Optimization path of the feature selection. We observe that the performance increases first as the number of features decreases. As soon as informative features are removed, the performance drops.

RFE-CV:

Principle: RFE-CV determines the optimal number of features by CV before filtering them.
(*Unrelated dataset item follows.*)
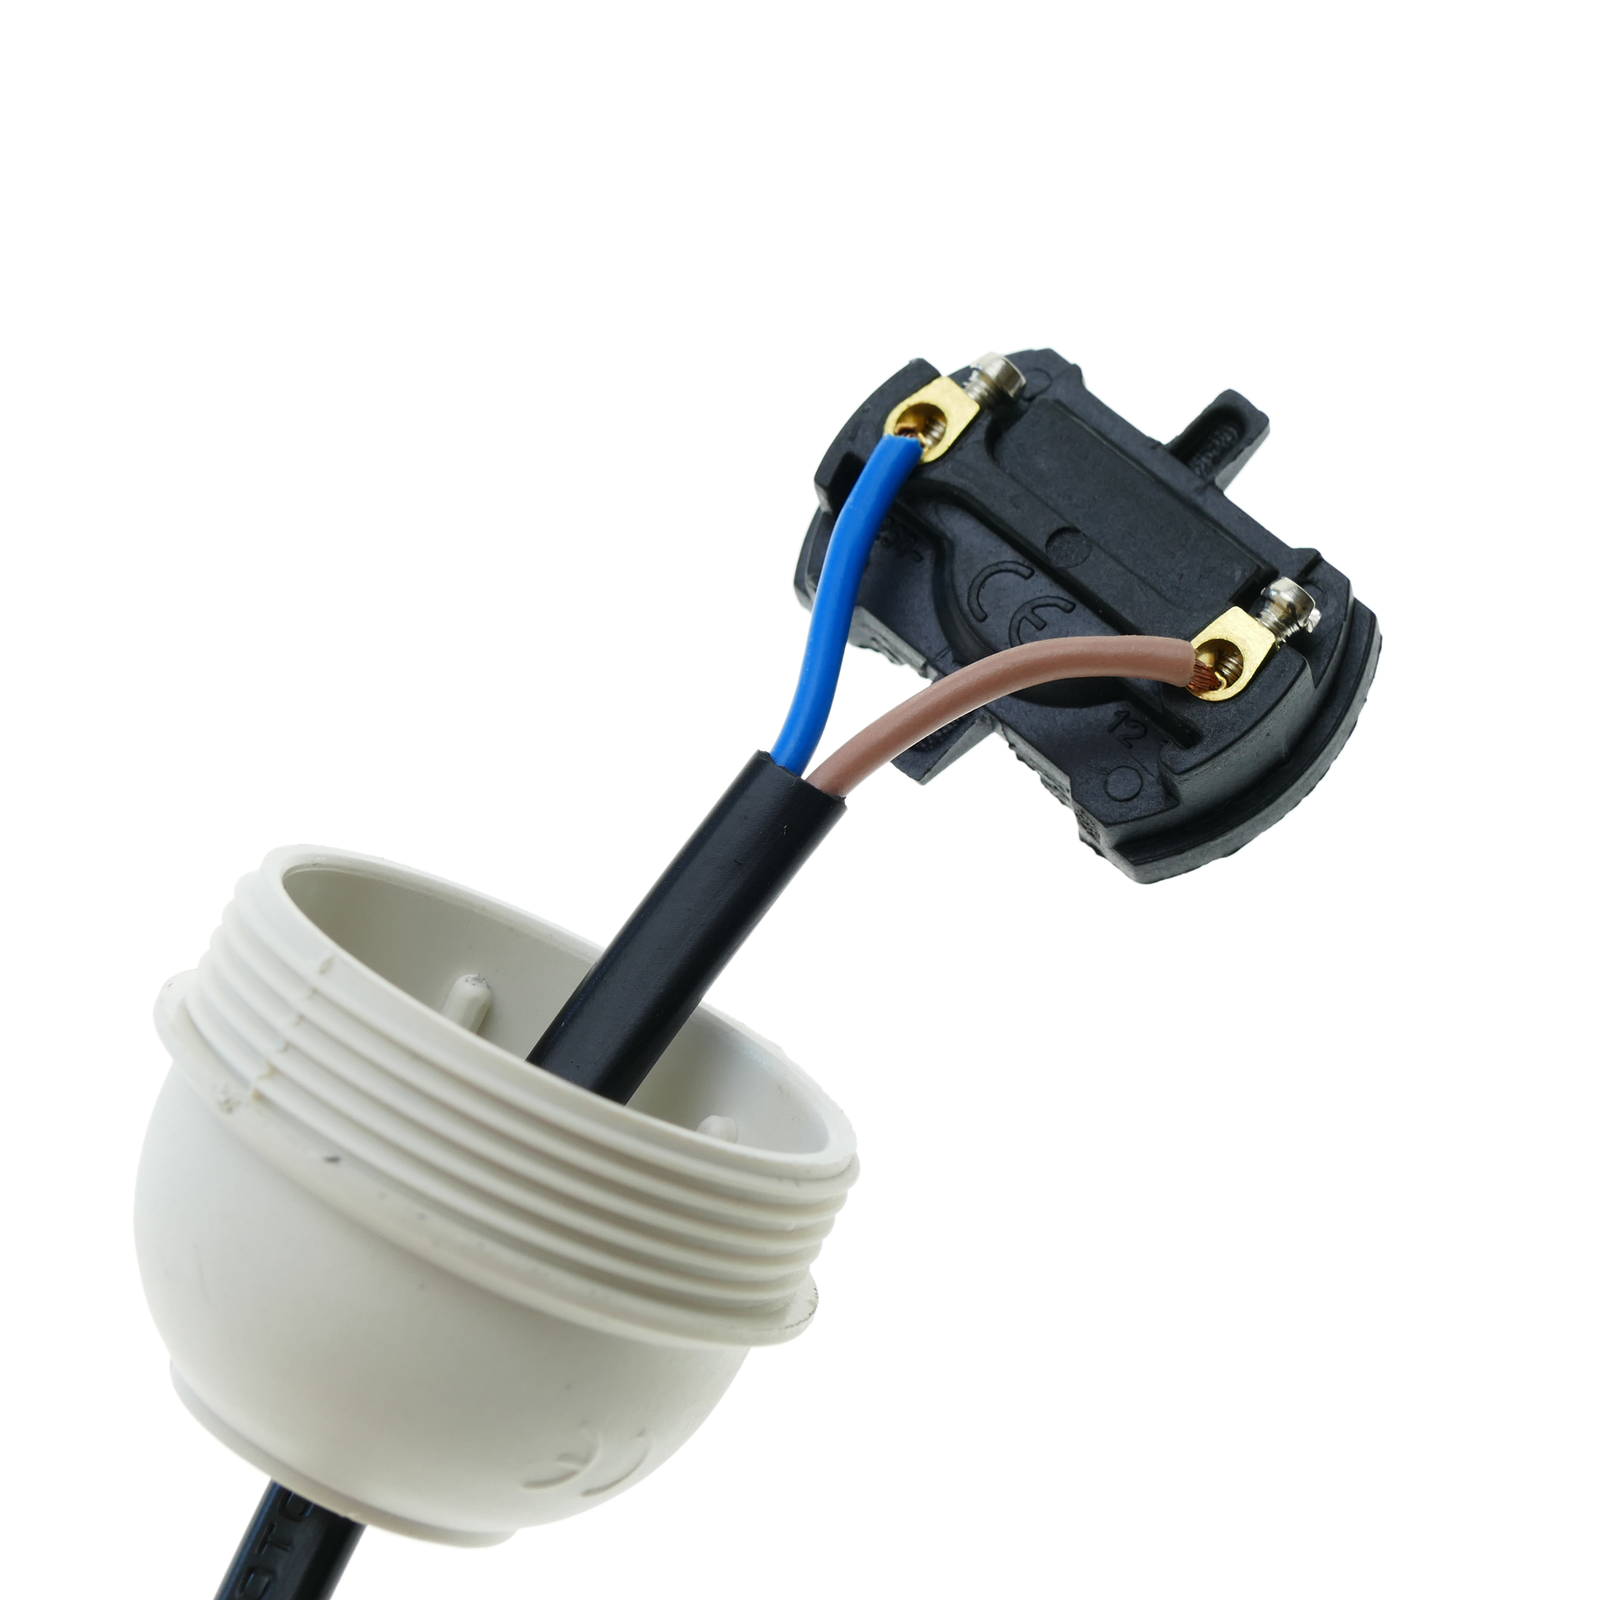 Support de base d'ampoule à douille de Lampe GAESHOW E27 avec

RFE-CV estimates the optimal number of features before selecting a feature set. For this, an RFE is run in each resampling iteration and the number of features with the best mean performance is selected. Then one more RFE is carried out on the complete dataset with the optimal number of features as the final feature set size.

 

 

  1. optimizer = fs("rfecv",
  2. n_features = 1,
  3. feature_number = 1) #no aggregation needed
  4. learner = lrn("",
  5. type = "C-classification",
  6. kernel = "linear",
  7. predict_type = "prob")
  8. instance = fsi(
  9. task = task,
  10. learner = learner,
  11. resampling = rsmp("cv", folds = 6),#6 fold cv to determine feature set size
  12. measures = msr(""),
  13. terminator = trm("none"),
  14. callback = clbk("mlr3fselect.svm_rfe"))
  15. optimizer$optimize(instance)
  16. library(ggplot2)
  17. library(viridisLite)
  18. library(mlr3misc)
  19. data = (instance$archive)[!(iteration), ]
  20. aggr = data[, list("y" = mean(unlist(.SD))), by = "batch_nr", .SDcols = ""]
  21. aggr[, batch_nr := 61 - batch_nr]
  22. data[, n:= map_int(importance, length)]
  23. ggplot(aggr, aes(x = batch_nr, y = y)) +
  24. geom_line(
  25. color = viridis(1, begin = 0.5),
  26. linewidth = 1) +
  27. geom_point(
  28. fill = viridis(1, begin = 0.5),
  29. shape = 21,
  30. size = 3,
  31. stroke = 0.5,
  32. alpha = 0.8) +
  33. geom_vline(
  34. xintercept = aggr[y == max(y)]$batch_nr,
  35. colour = viridis(1, begin = 0.33),
  36. linetype = 3
  37. ) +
  38. xlab("Number of Features") +
  39. ylab("Mean AUC") +
  40. scale_x_reverse() +
  41. theme_minimal()
  42. #We subset the task to the optimal feature set and train the learner.
  43. task$select(instance$result_feature_set)
  44. learner$train(task)
  45. #The trained model can now be used to predict new, external data.

 Estimation of the optimal number of features. The best mean performance is achieved with 19 features (blue line).